Current Date: Minggu, 02 November 2025

Transisi Energi Tak Bisa Dipaksakan Tanpa Dukungan Dana

Transisi Energi Tak Bisa Dipaksakan Tanpa Dukungan Dana
Gambar ilustrasi pembiayaan transisi energi.

Listrik Indonesia | Menteri Energi dan Sumber Daya Mineral (ESDM) Bahlil Lahadalia menyampaikan kritik terhadap negara-negara maju yang menuntut Indonesia segera menurunkan emisi karbon tanpa mempertimbangkan aspek pendanaan. Pernyataan tersebut disampaikan dalam acara Sarasehan 100 Ekonom Indonesia yang berlangsung di Menara Bank Mega, Jakarta, pada Selasa (28/10/2025).

Menurut Bahlil, proses transisi energi membutuhkan biaya yang besar sehingga tidak adil jika negara berkembang seperti Indonesia dipaksa melaksanakannya tanpa dukungan finansial dari negara maju. “Ada, problemnya biaya tinggi, negara anda sudah maju. Tahun 1950-1960 ketika ditebang hutan kalian apakah ada yang melarang negara-negara lain? Kenapa? Karena mereka anggap capex lebih tinggi soal karbon,” ujarnya.

Bahlil menilai, negara-negara maju seharusnya memberikan dukungan yang proporsional terhadap negara berkembang dalam menghadapi tantangan dekarbonisasi. Ia mengingatkan bahwa negara-negara Barat sebelumnya telah menikmati kemajuan ekonomi dengan mengorbankan lingkungan, sementara kini negara berkembang justru diminta untuk menanggung beban transisi menuju energi bersih.

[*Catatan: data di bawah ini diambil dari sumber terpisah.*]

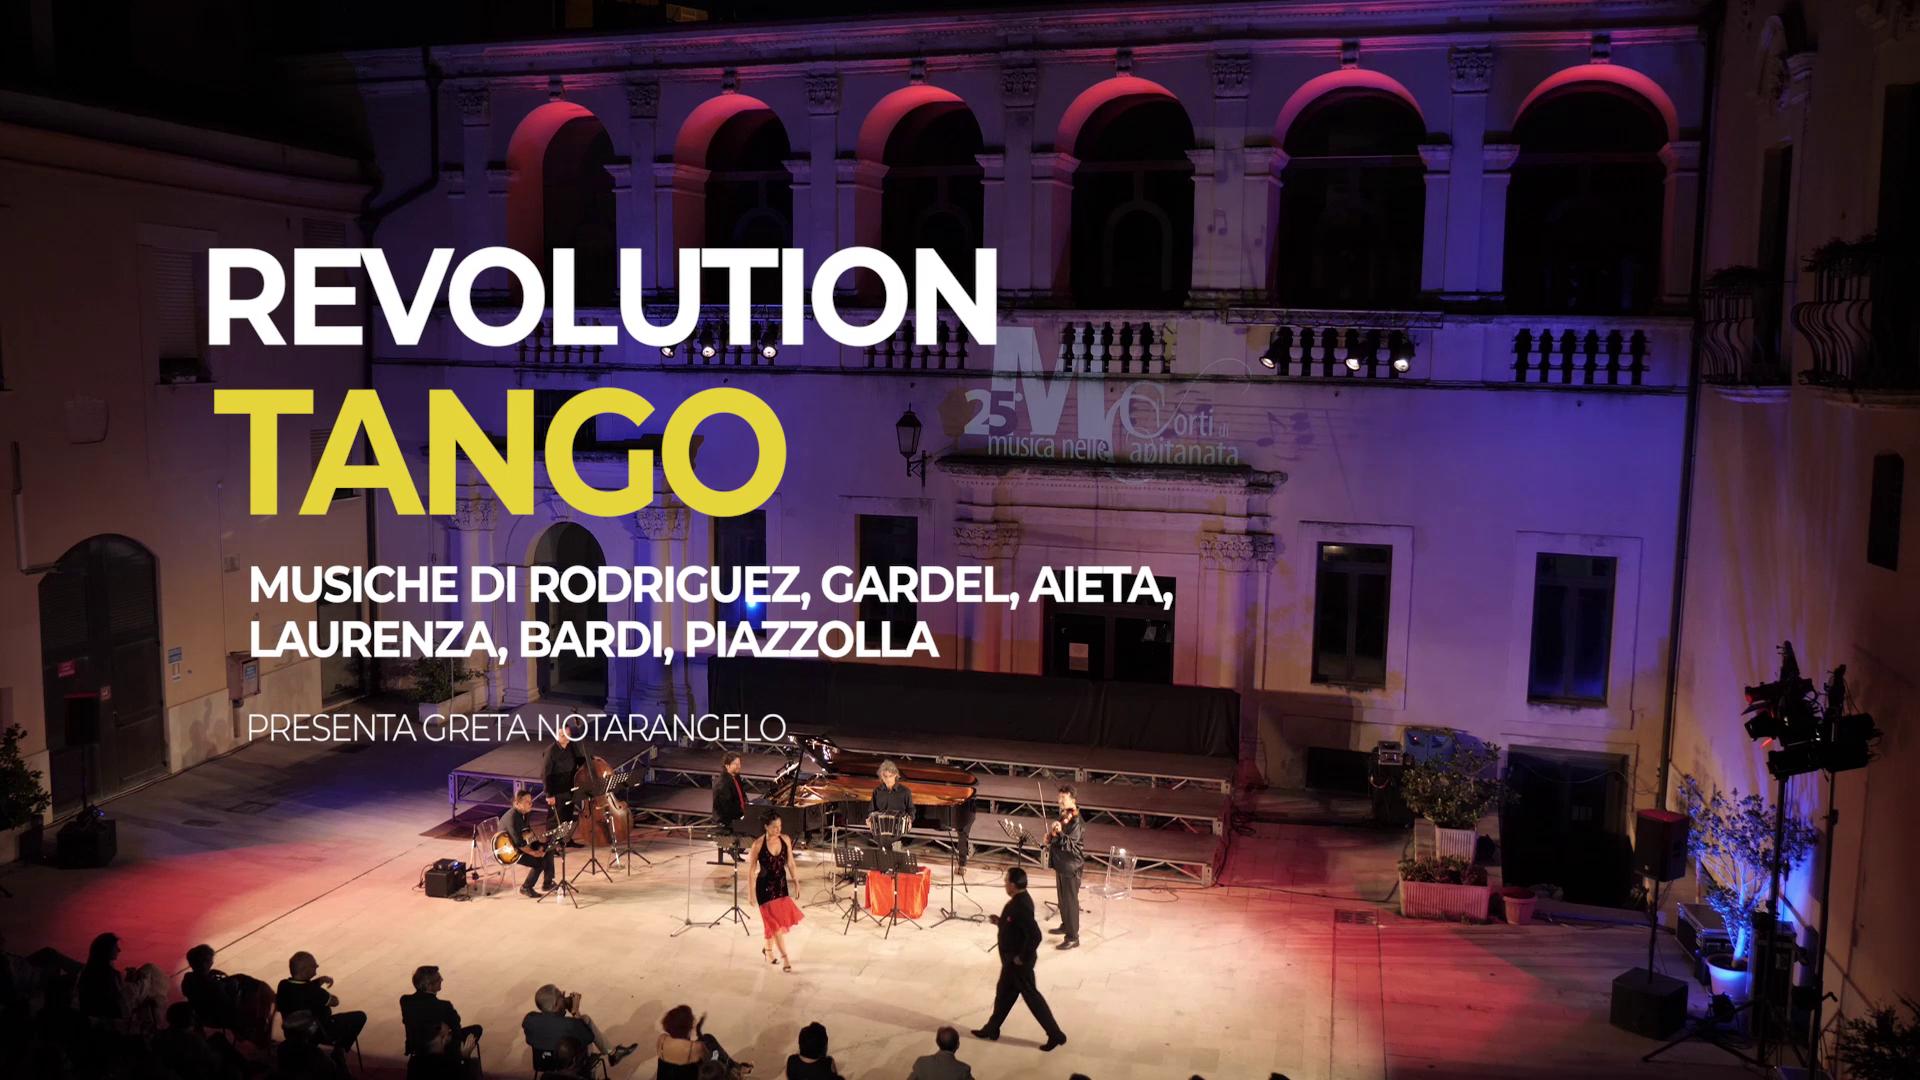 12 -15/07 – REVOLUTION TANGO

Di sisi lain, pemerintah Indonesia terus berupaya mempercepat transisi energi melalui pengembangan sumber energi terbarukan, salah satunya Pembangkit Listrik Tenaga Surya (PLTS) skala besar di tingkat desa. Setiap desa ditargetkan memiliki PLTS dengan kapasitas 1–1,5 gigawatt (GW), dengan total potensi mencapai 80–100 GW di seluruh Indonesia. “Transisi energi arahannya dihitung bagaimana pakai solar panel 80–100 GW. Di India ada US$ 3 sen per kWh. Tim saya udah balik dari sana. Kalau ini ekonomis maka sebagian besar kita dorong pakai solar panel,” kata Bahlil.

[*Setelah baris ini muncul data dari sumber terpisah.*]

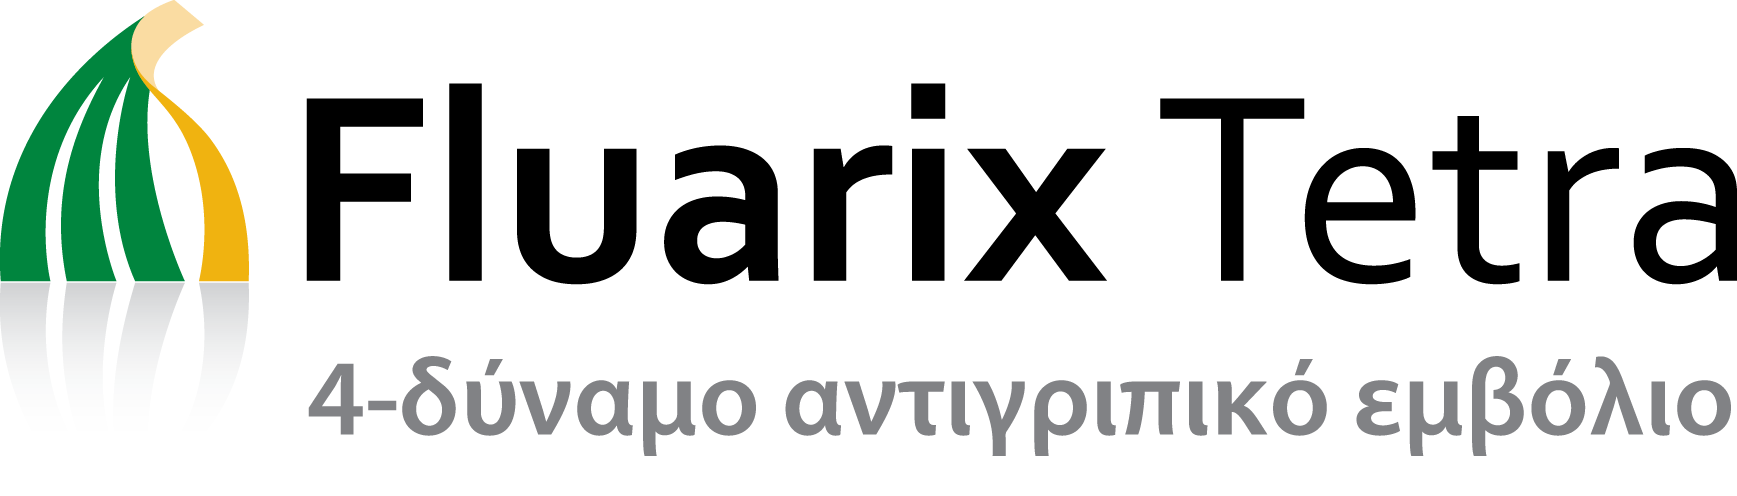 FluarixTetra Logo with Tagline

Selain PLTS, Presiden Prabowo Subianto juga telah menandatangani Peraturan Presiden (Perpres) Nomor 109 Tahun 2025 yang mengatur pengelolaan sampah perkotaan menjadi energi terbarukan berbasis teknologi ramah lingkungan. Dalam regulasi tersebut, harga listrik dari Pembangkit Listrik Tenaga Sampah (PLTSa) diperkirakan mencapai sekitar US$ 20 sen per kWh. “Termasuk regulasi, waste to energy jadi perpres sekarang bisa sampai US$ 20 sen per kWh supaya ekonomis,” ujar Bahlil.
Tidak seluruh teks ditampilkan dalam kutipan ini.